Nailya Alexander Gallery is pleased to present Alexander Zhitomirsky: Photomontages 1931-1973, the first exhibition in New York featuring artwork by the “Soviet Heartfield.” Nailya Alexander Gallery is located at 24 W. 57th Street, #501, NYC, 10019. Gallery hours are Tues.‐Sat., 11 a.m.‐6 p.m.

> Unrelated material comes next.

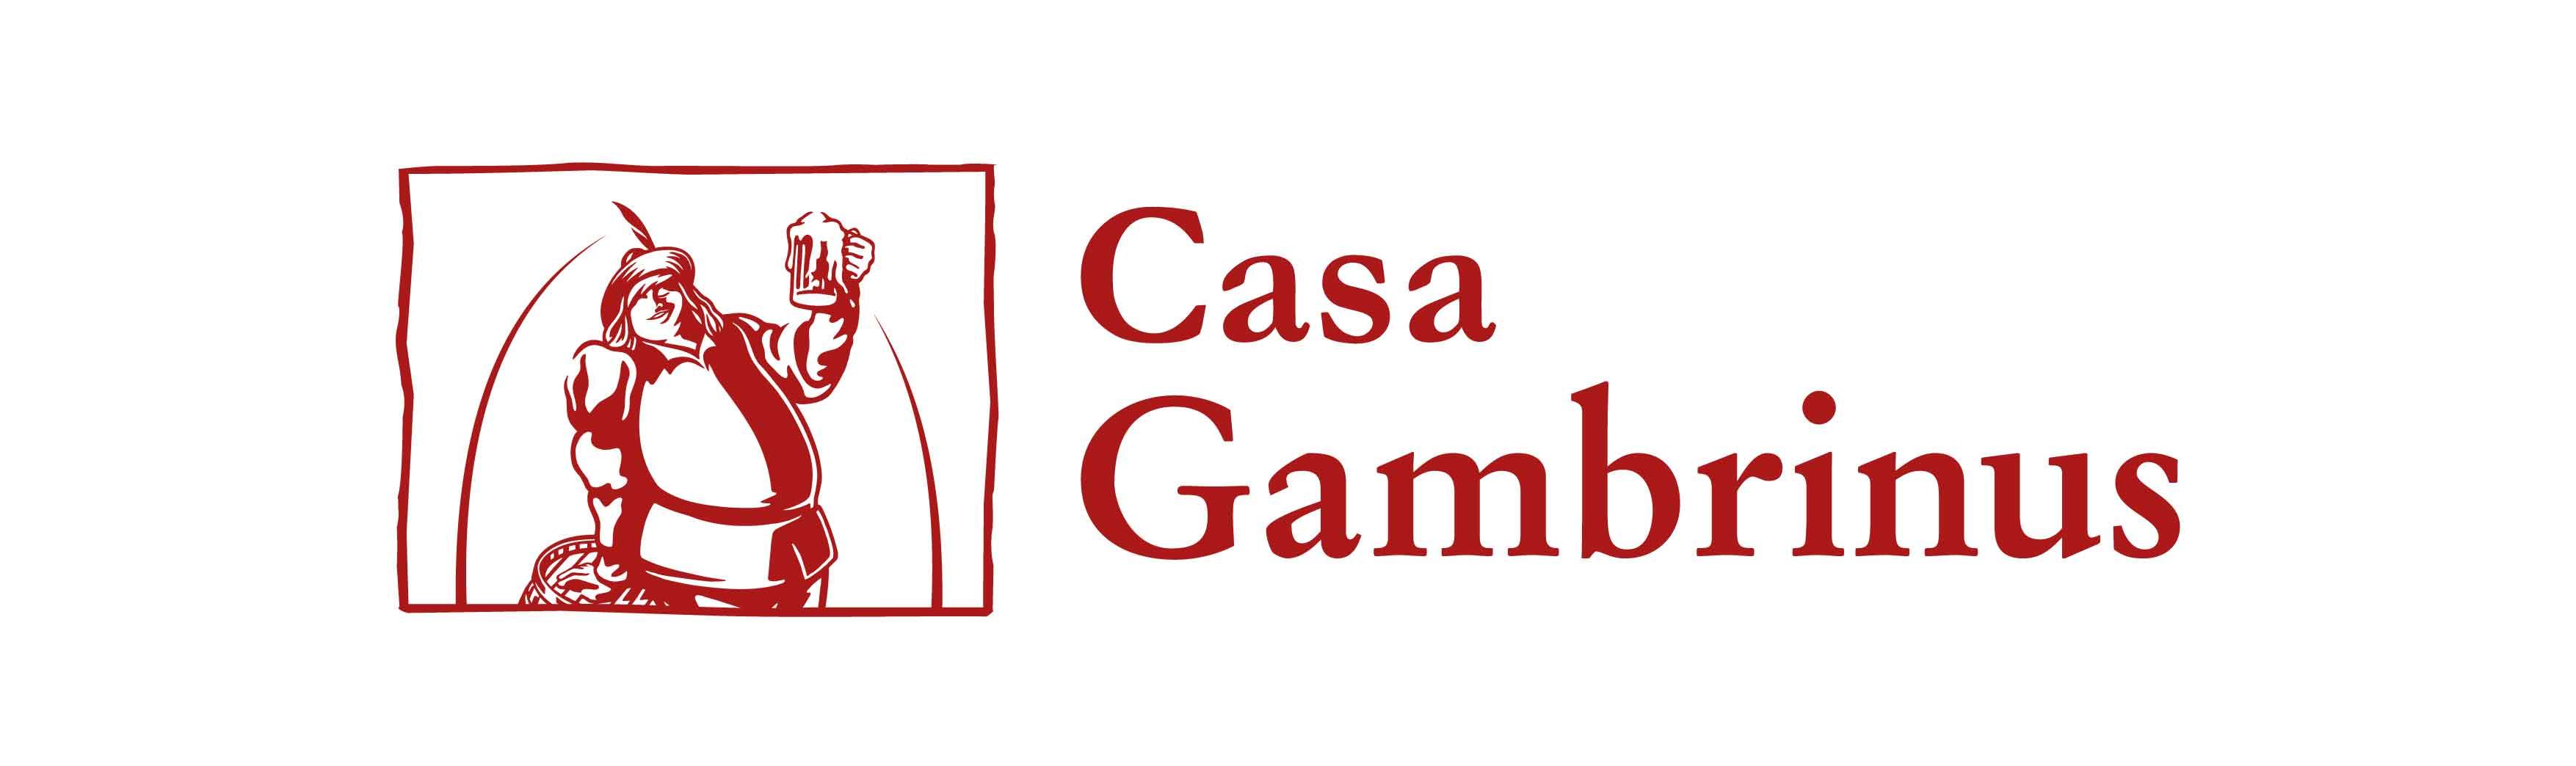 Beer & Food presenta la nueva imagen de 'Gambrinus'

Alexander Zhitomirsky (1907‐1993) was one of the key artists who developed the art of political photomontage and is named one of the greatest masters of the genre by the Soviet Encyclopedia (1977) alongside Alexander Rodchenko, El Lissitzky and Gustav Klutsis. Zhitomirsky moved to Moscow in 1925, where he studied with I.I. Mashkov at the Association of Artists of Revolutionary Russia until 1929 and continued his education in V.A. Favorsky’s class until 1931. During that time he illustrated a number of magazines and created posters as well as personal work. In 1930 Zhitomirsky started working for the Rabochaya Gazeta [Workers’ Newspaper] as a caricaturist and became the art director of both Industria Sotsializma [Socialist Industry] and Illustrirovannaya Gaseta [Illustrated Newspaper]. Zhitomirsky was influenced by the explosive effect of John Heartfield's photomontages on the pages of Arbeiter Illustrierte Zeitung and Rote Fahne, the leftist German publications which were being widely sold on news stands in Moscow in the late twenties and early thirties, though he only met him in person in 1957.

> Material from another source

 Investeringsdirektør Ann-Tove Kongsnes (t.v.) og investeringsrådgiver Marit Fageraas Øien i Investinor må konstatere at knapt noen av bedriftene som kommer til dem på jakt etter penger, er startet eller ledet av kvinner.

During WWII Zhitomirsky designed and illustrated a wide variety of publications for the front, including Front Illustrierte (1941‐1945), a magazine specially targeted to German soldiers and produced in German, Italian, Finnish, Romanian, Hungarian, and other languages. From 1950 through 1992, Zhitomirsky worked as the head art director of Soviet Union, a magazine published in more than 20 languages. Throughout the Cold War period Zhitomirsky created powerful propaganda photomontages on peace, disarmament, capitalist values, government leaders, and other themes dear to the Soviet regime. In 1967 he was named an Honorary Artist of the Russian Federation and in 1978 he received the title of People’s Artist of Russia. Zhitomirsky works are found in the collections of such museums as the National Gallery of Art, Washington, DC; Library of Congress, Washington, DC; Columbus Museum of Art, Columbus, OH; Jane Voorhees Zimmerli Art Museum at Rutgers University, New Brunswick, NJ; The Pushkin Museum of Fine Arts, Moscow; and the Museum of German History, Berlin, Germany. The new book Alexander Zhitomirsky: Personal Collages 1931-1935 is available at the gallery.